A Palestinian ambulance driver who was waiting nearby (as is the custom of ambulance teams during every invasion) saw Abdel Rahman falling to the ground, and realized he was alive, but only for a short time, Haaretz says.

"Get some sleep!"

Abd al-Rahman (the eldest son of Abd al-Rahim and Inam Eid) was tall and handsome.

He was passionate about football, but he preferred to give all his attention to his studies in the last months of his life, hoping to achieve high grades in the Tawjihi exam and win a university scholarship.

The father remembers that on the day he was killed, he wanted to wake him up at six in the morning, but he chose to let him sleep a little, after he spent long hours of the night devoted to his books.

When the parents received the first call after the incident, they thought it was about their other son Suleiman (15 years old), who works in a construction workshop in Silwad. They were reassured that Abdul Rahman was at school.

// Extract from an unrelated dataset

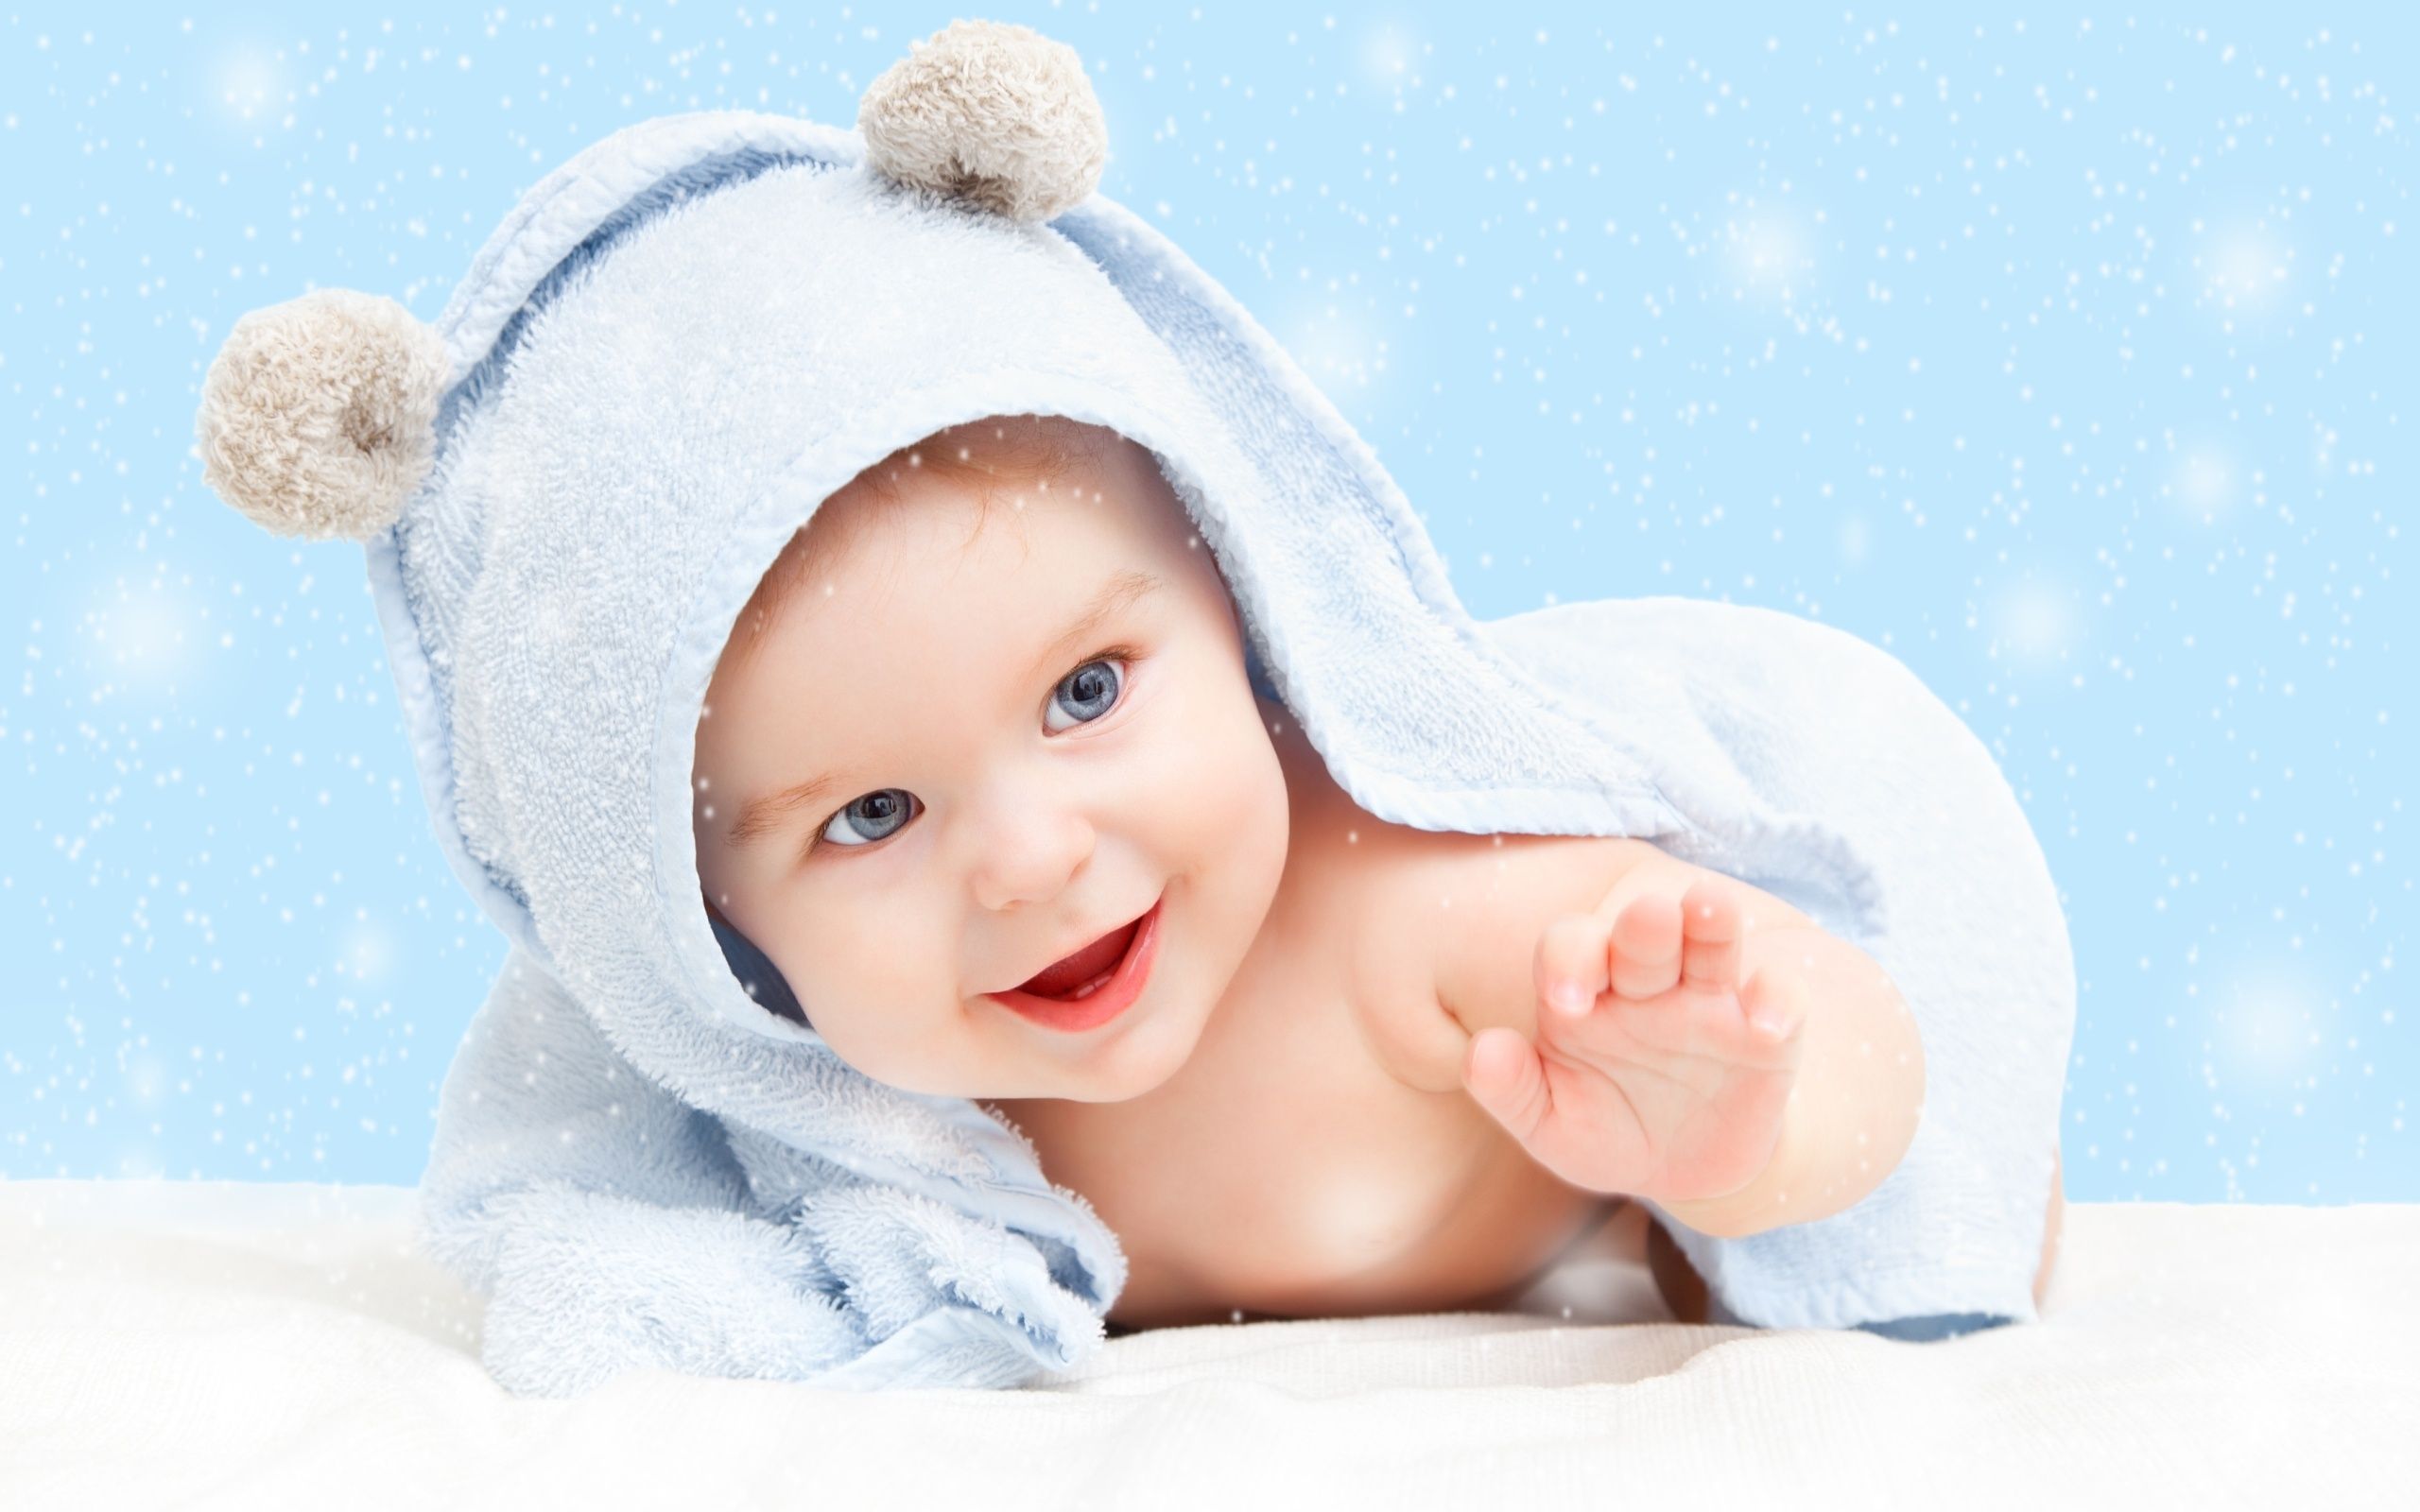 Cute Baby Style HD Wallpaper 1316 - Cute Baby HD Wallpaper

But one of the father’s brothers called him and asked him to rush to the government hospital in Ramallah, as “Obaida (Abdul Rahman’s nickname) was injured.”

The father quickly called his “injured” son, and the ambulance responded and reassured him of his condition, but in the second call he described the injury as critical.

When the father reached the hospital, the son was dead.

On one of the walls of the living room of the small family house hung pictures of Abdul Rahman, and on another wall there were pictures of an aunt and uncle who were also killed by the occupation army.

The uncle was exactly the same age when he was killed by an Israeli bullet in 1998, but he did not think to write his will before his death.

Death was not as widespread then as it is today.